| GIVEN MATERIAL |

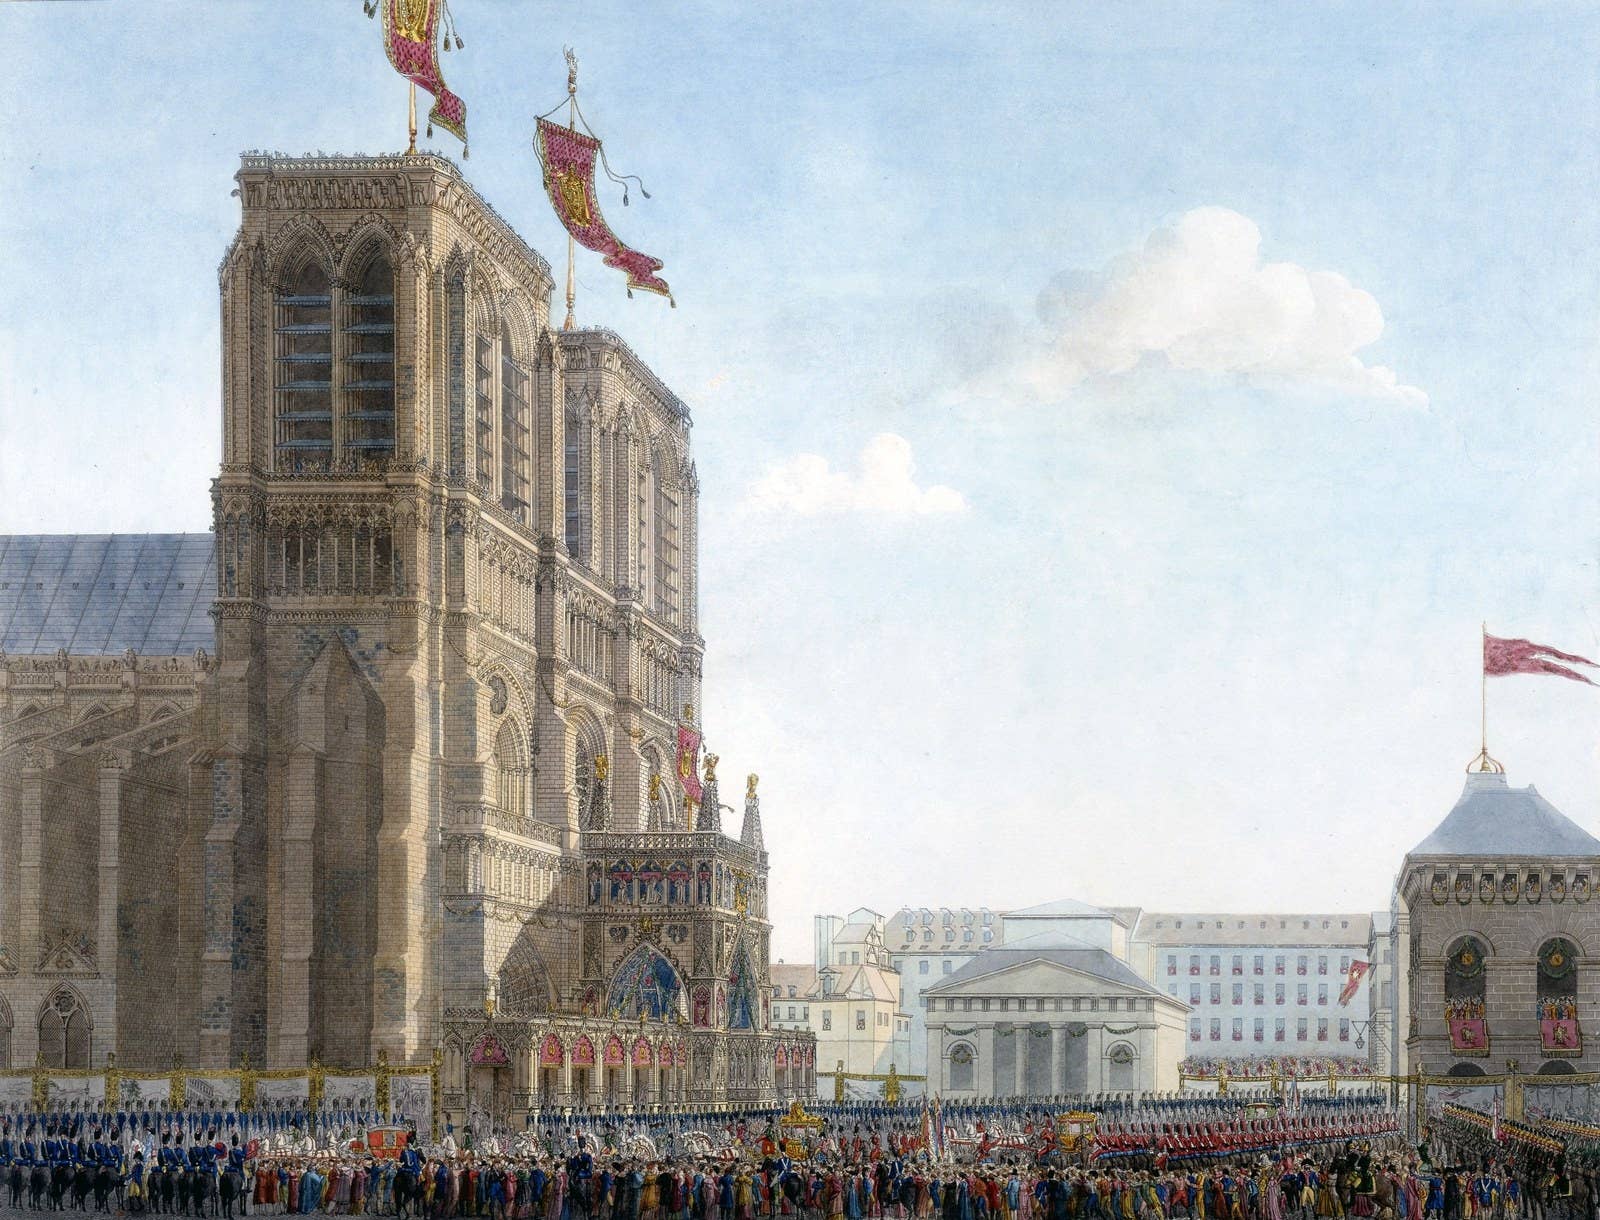 The emperor arriving at Notre-Dame from "Book of the Coronation" by Percier and Fontaine.
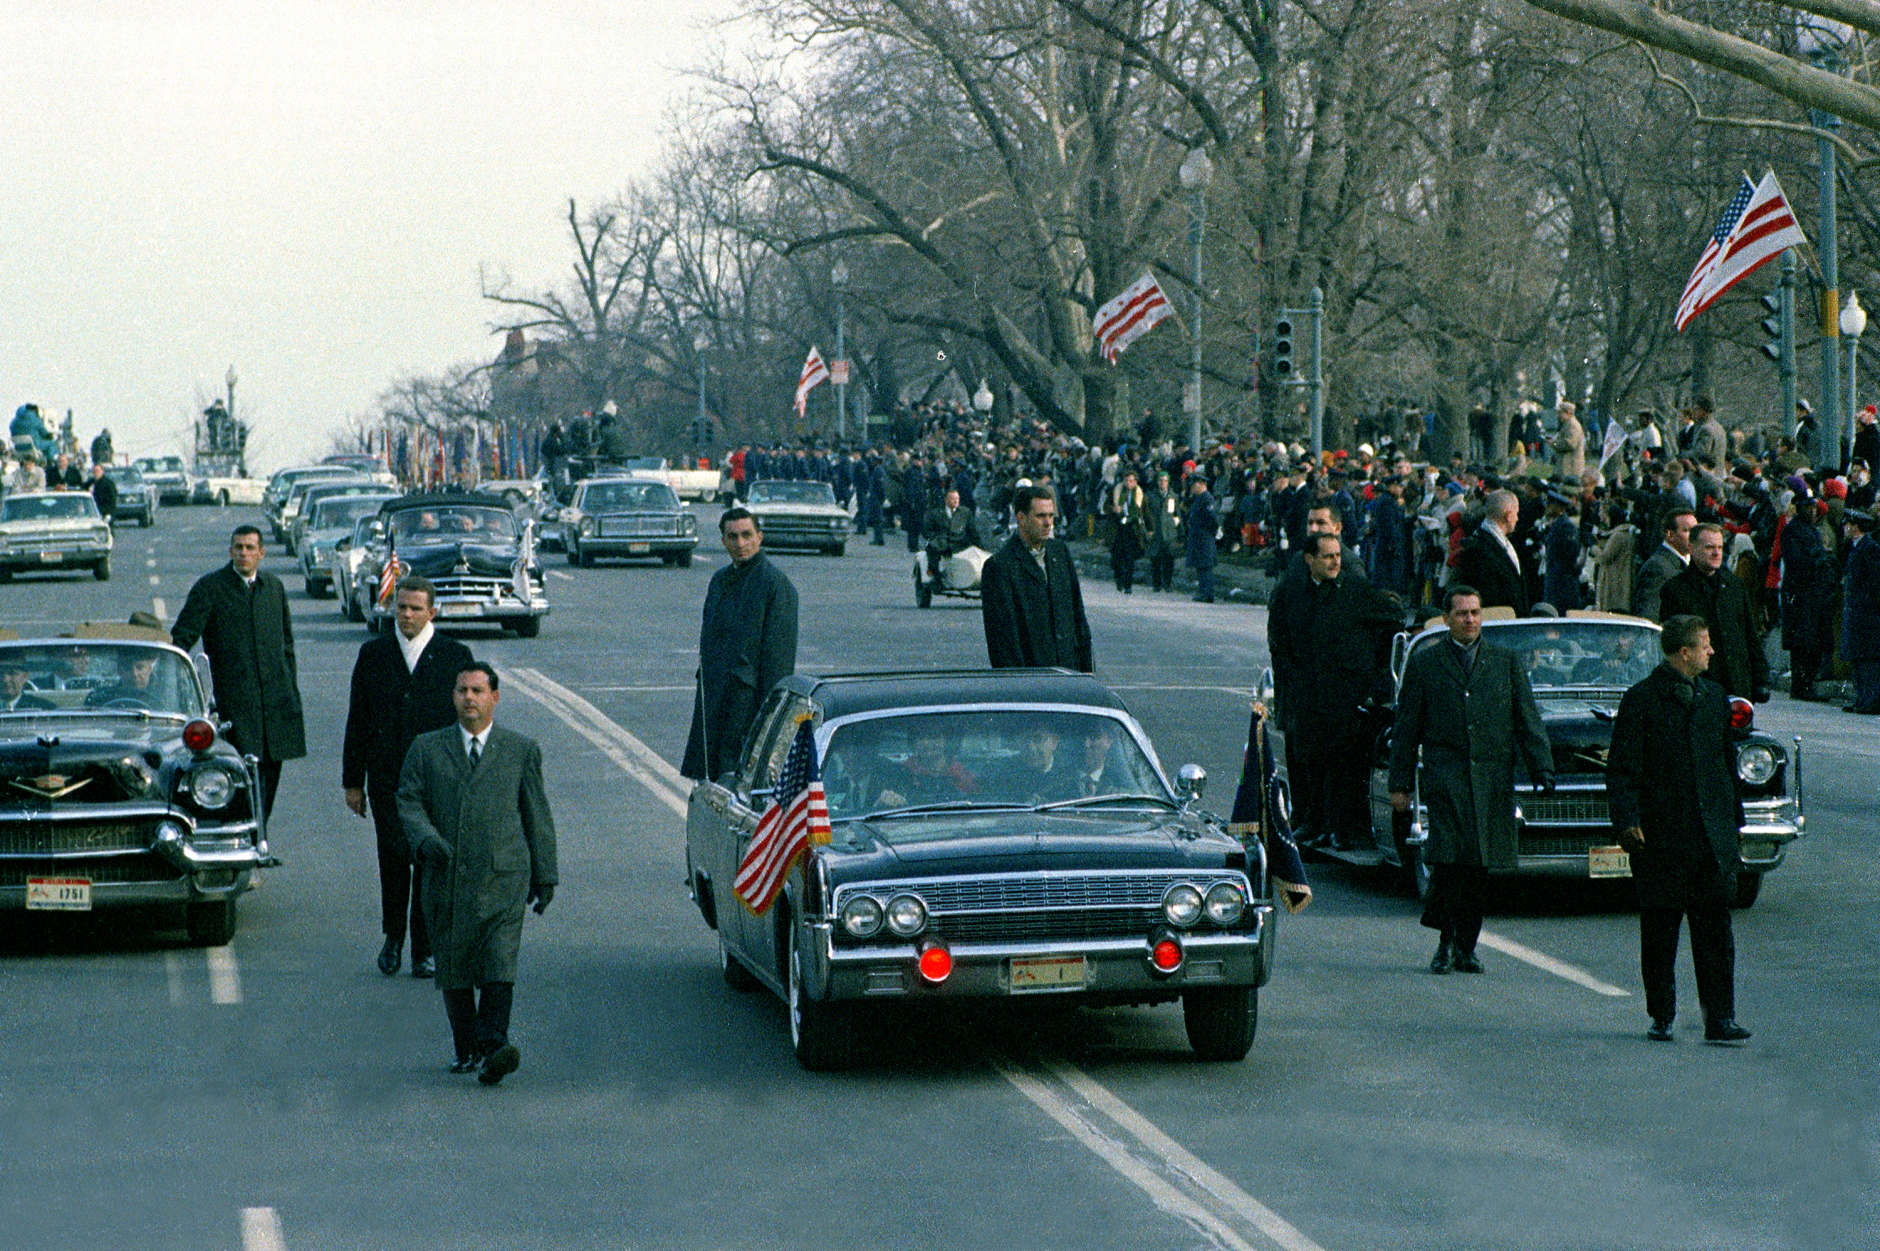 The motorcade carrying President-elect Lyndon B. Johnson and his wife Lady Bird Johnson is shown en route to the Capitol building as secret service agens run alongside of closed car in Washington, D.C., Jan. 20, 1965.  Johnson will be sworn in as the 36th president of the United States.  (AP Photo)
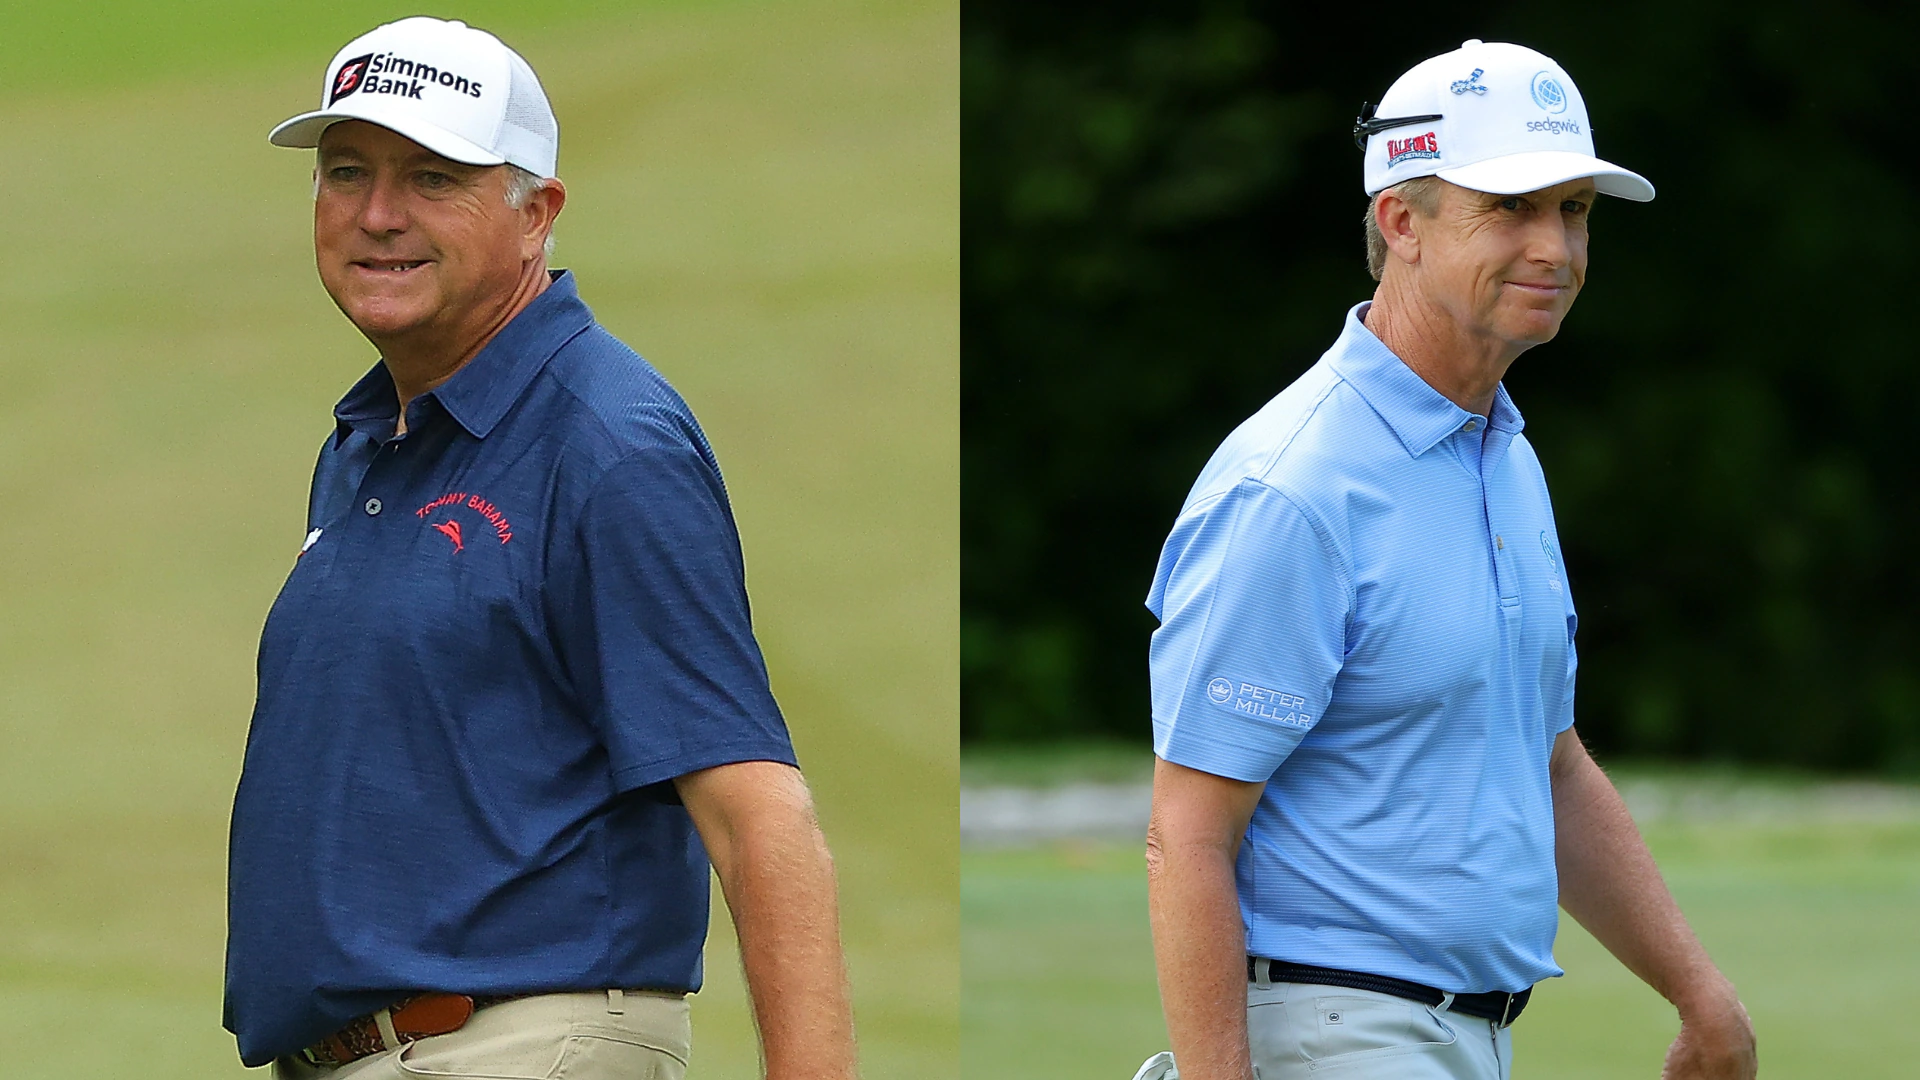 David Toms, Ken Duke lead after opening round of Mitsubishi Electric Classic

| WHAT IS BEING ASKED |
Leaving out all pictures, retype exactly the lines that run from the one containing "The motorcade carrying" through the last line of the material.

| WRITTEN ANSWER |
 The motorcade carrying President-elect Lyndon B. Johnson and his wife Lady Bird Johnson is shown en route to the Capitol building as secret service agens run alongside of closed car in Washington, D.C., Jan. 20, 1965.  Johnson will be sworn in as the 36th president of the United States.  (AP Photo)
 David Toms, Ken Duke lead after opening round of Mitsubishi Electric Classic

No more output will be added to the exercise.